FROM SOCIAL MEDIA TO SOCIAL MOVEMENT
Activist Tarana Burke addressed a packed auditorium at Saint Mary’s College on Tuesday night to discuss the movement’s origins to help victims of sexual trauma heal
“When one person says, ‘yeah, me, too,’ it gives permission for others to open up.” — Tarana Burke, activist and founder of the Me Too movement
Tarana Burke wants to clear up some misconceptions about the Me Too movement.
The founder of the movement to help survivors of sexual violence has not been accustomed to giving big speeches in her decades of experience as an organizer and activist, she said. But Burke has found herself in the spotlight since the movement she started more than a decade ago was adopted by a social media hashtag and thrust to the forefront in the wake of sexual violence and harassment allegations against Hollywood producer Harvey Weinstein.
She is now in the position of helping unpack exactly what this movement is all about. It means occasionally giving speeches, which is what brought her before a rapt crowd at Saint Mary’s College in Moraga Tuesday night. She was there, she said, to set the record straight on “lots of bad information” that has circulated since the October day she woke up to find that (eventually millions of) people were posting on social media accounts the hashtag #MeToo to show the pervasiveness of sexual vio-
lence and harassment.
Among the biggest misconceptions? That the movement is about taking down powerful men, which it is “absolutely not,” Burke said.

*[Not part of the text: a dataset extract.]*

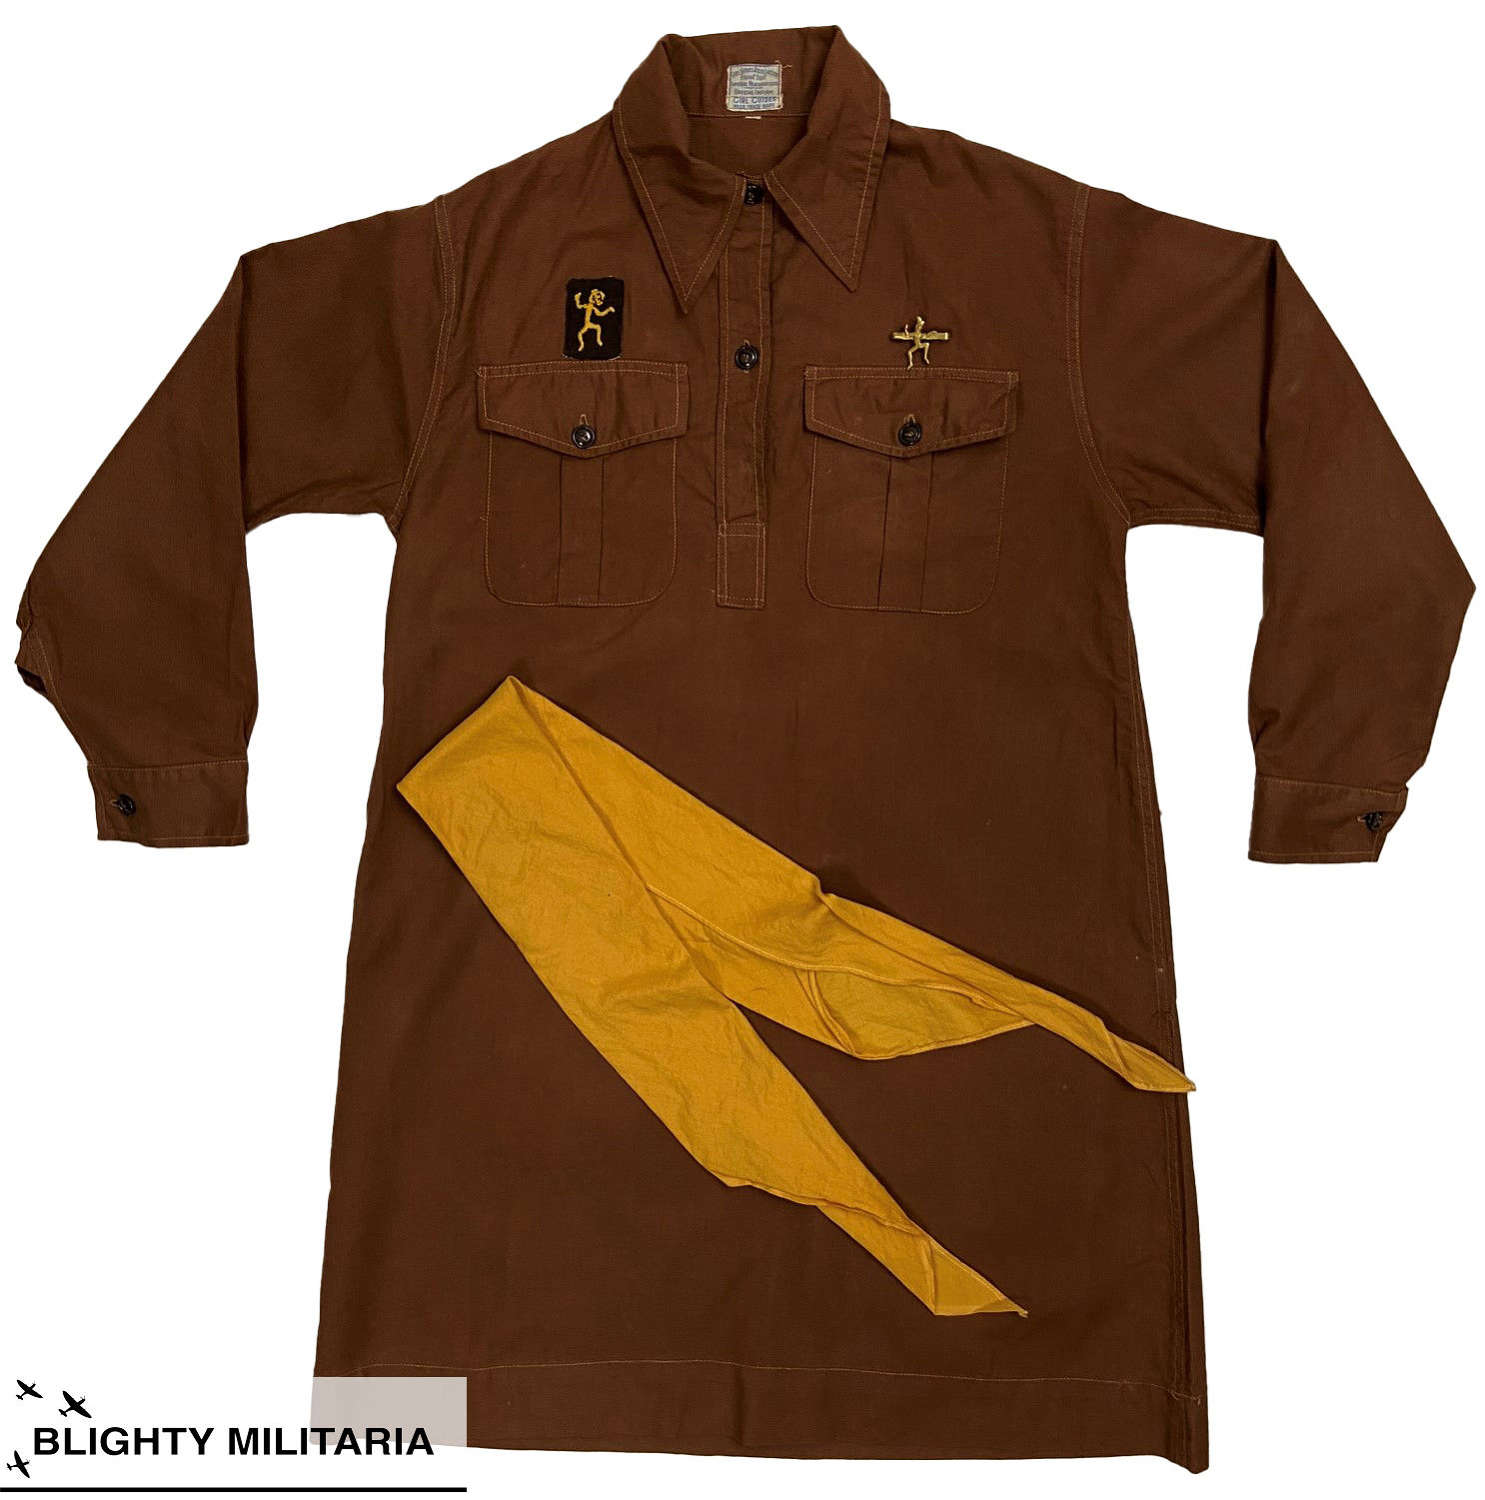 Original 1940 Girl Guides Brownies Uniform Dress and Tie

Rather, “people are trying to find an outlet to tell their truth,” Burke said. The Me Too movement is an effort to de-stigmatize survivors of sexual violence and help them find healing, she explained. The firing of powerful men has largely been a “corporate response” when people have named notable men as assailants or harassers, including Weinstein, Charlie Rose, Kevin Spacey, and many others.

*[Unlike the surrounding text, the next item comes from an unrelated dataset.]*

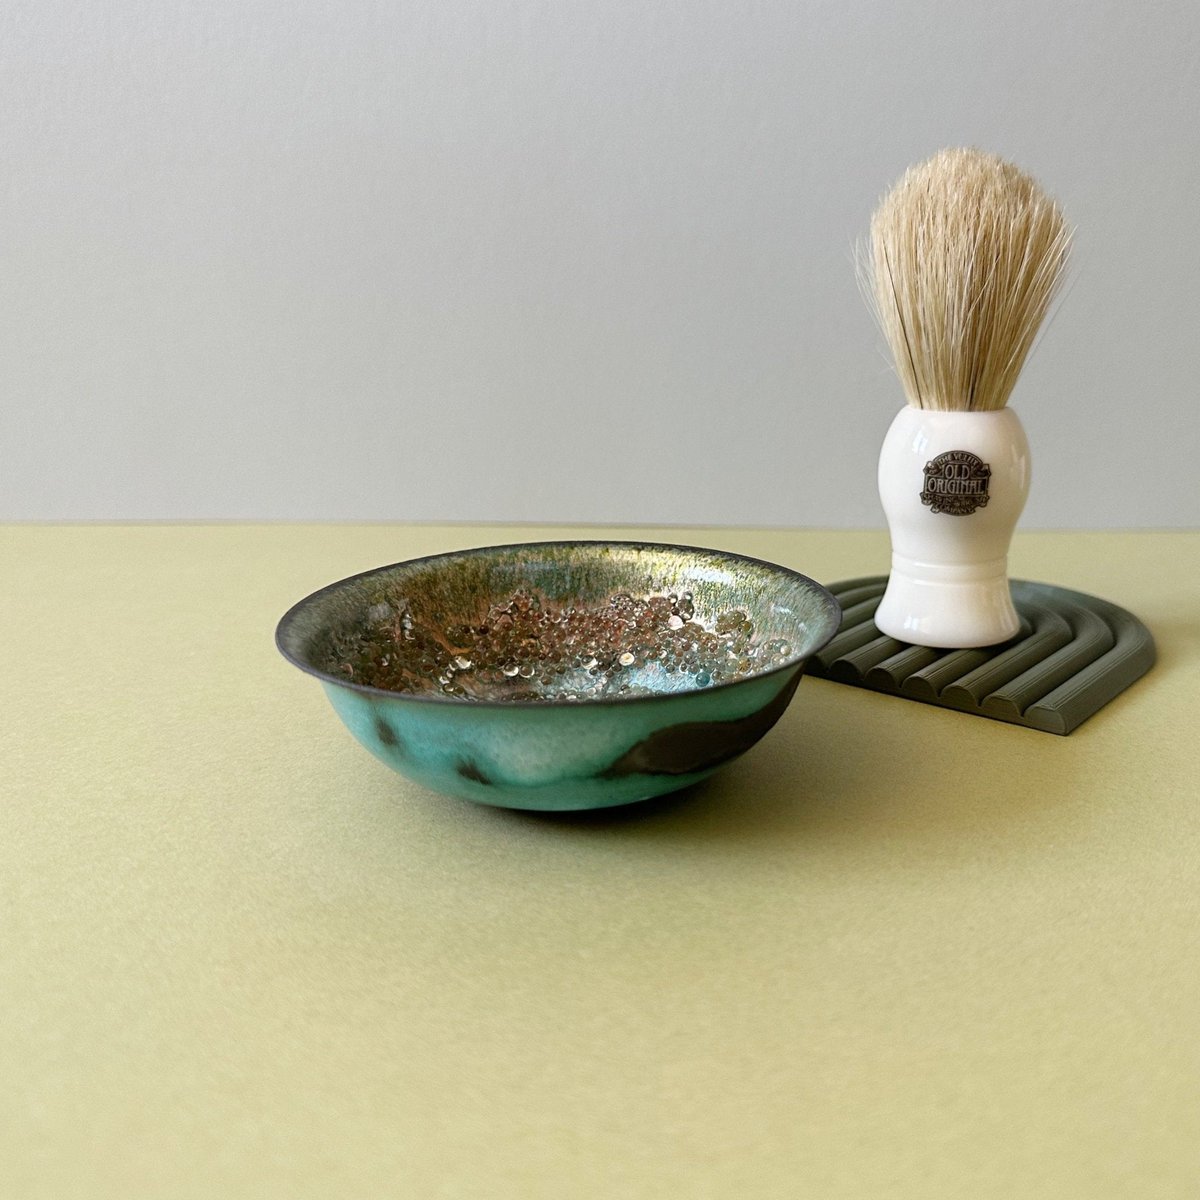 Unique Handmade Enamel Shaving Bowl for a Luxurious Wet Shave tuppu.net/af3c6b4 #bizbubble #MHHSBD ##UKGiftHour #HandmadeHour #UKHashtags #inbizhour #giftideas #shopsmall #GreenAndTurquoise

It’s problematic, Burke said, that the attention has been on those men, rather than their victims.
“We hear all about the men, the predators,” Burke said, but rarely does the public hear much about the victims, what they need or their process of healing.
It’s also important to understand that Me Too is for both women and men, including transgender men and women, Burke said. All survivors should be able to have the space to talk about it.
At the Tuesday night event, Burke also wanted to offer information about the origin of the movement, which was lost in the swirl of social media and headlines as more and more accusers stepped up and more and more alleged abusers were outed.
A native of the Bronx, Burke started a lifetime of community organizing with the 21st Century Youth Leadership Movement at age 14 and continued her efforts after moving to Alabama for college.
It was several years later, when Burke was working with young women of color in Alabama, that she realized there were few resources to help survivors of sexual violence or trauma — none of them particularly healing or helpful.
So she started creating new resources and ways to help. It began with creating “healing circles” and spaces where survivors could share information with each other, and curriculum to help them know they were not alone. A Myspace page they set up for the movement caught the attention of survivors, and Burke began sending information, resources and curriculum out so that others could do it in their own communities.
“Me Too” was the phrase she settled on for the movement.
“When one person says, ‘yeah, me, too,’ it gives permission for others to open up,” Burke said.
That’s what happened in October of 2017, when actress Alyssa Milano, apparently prompted by a friend, tweeted a suggestion that women post the words “me too” if they have been sexually harassed or assaults.
The outpouring that followed was swift and intense. Burke, at first, panicked, she said, worried that the Me Too movement she had spearheaded for years would be altered inappropriately or misunderstood, and not forgetful that the work of people of color has historically been unfairly erased and credited to white people.
Milano, to her credit, said Burke, helped elevate Burke’s name and work when she found out about the origin of the movement. But regardless, Burke was struck by the realization that the work she had been doing was having a huge moment on the national stage, and five months later, it continues — something that still seems to surprise her.
“We have never seen a sustained national dialogue about sexual violence ever,” she told the crowd at Saint Mary’s Tuesday night. It was the last event of a series called “44 Days Honoring Black History,” a set of speeches, events, and other campus activities aimed at celebrating the contributions of Black Americans to the country and to the Saint Mary’s College campus.
Calvin Monroe, chair of this year’s inaugural program, said the theme was “collective courage,” and “who better to bring for that theme than her?” he said of Burke.
Aubrey Williams, 22, an Oakland resident and Saint Mary’s alum, said she was thrilled to learn of the inaugural series honoring Black history, and found Burke’s talk empowering.
“It struck a chord,” she said.
As members of the audience hung on Burke’s words, she seemed to know what they were thinking — what’s next for the Me Too movement?
“We have a lot of unpacking to do,” she said. “Keep digging into this issue.”
She knows that the power of pop culture means a need to capitalize on a moment, but she’ll keep doing her work, regardless of what’s going on in the media cycle.
“I have no use for celebrity, unless it’s to elevate this platform,” she said. “We need to do that together.”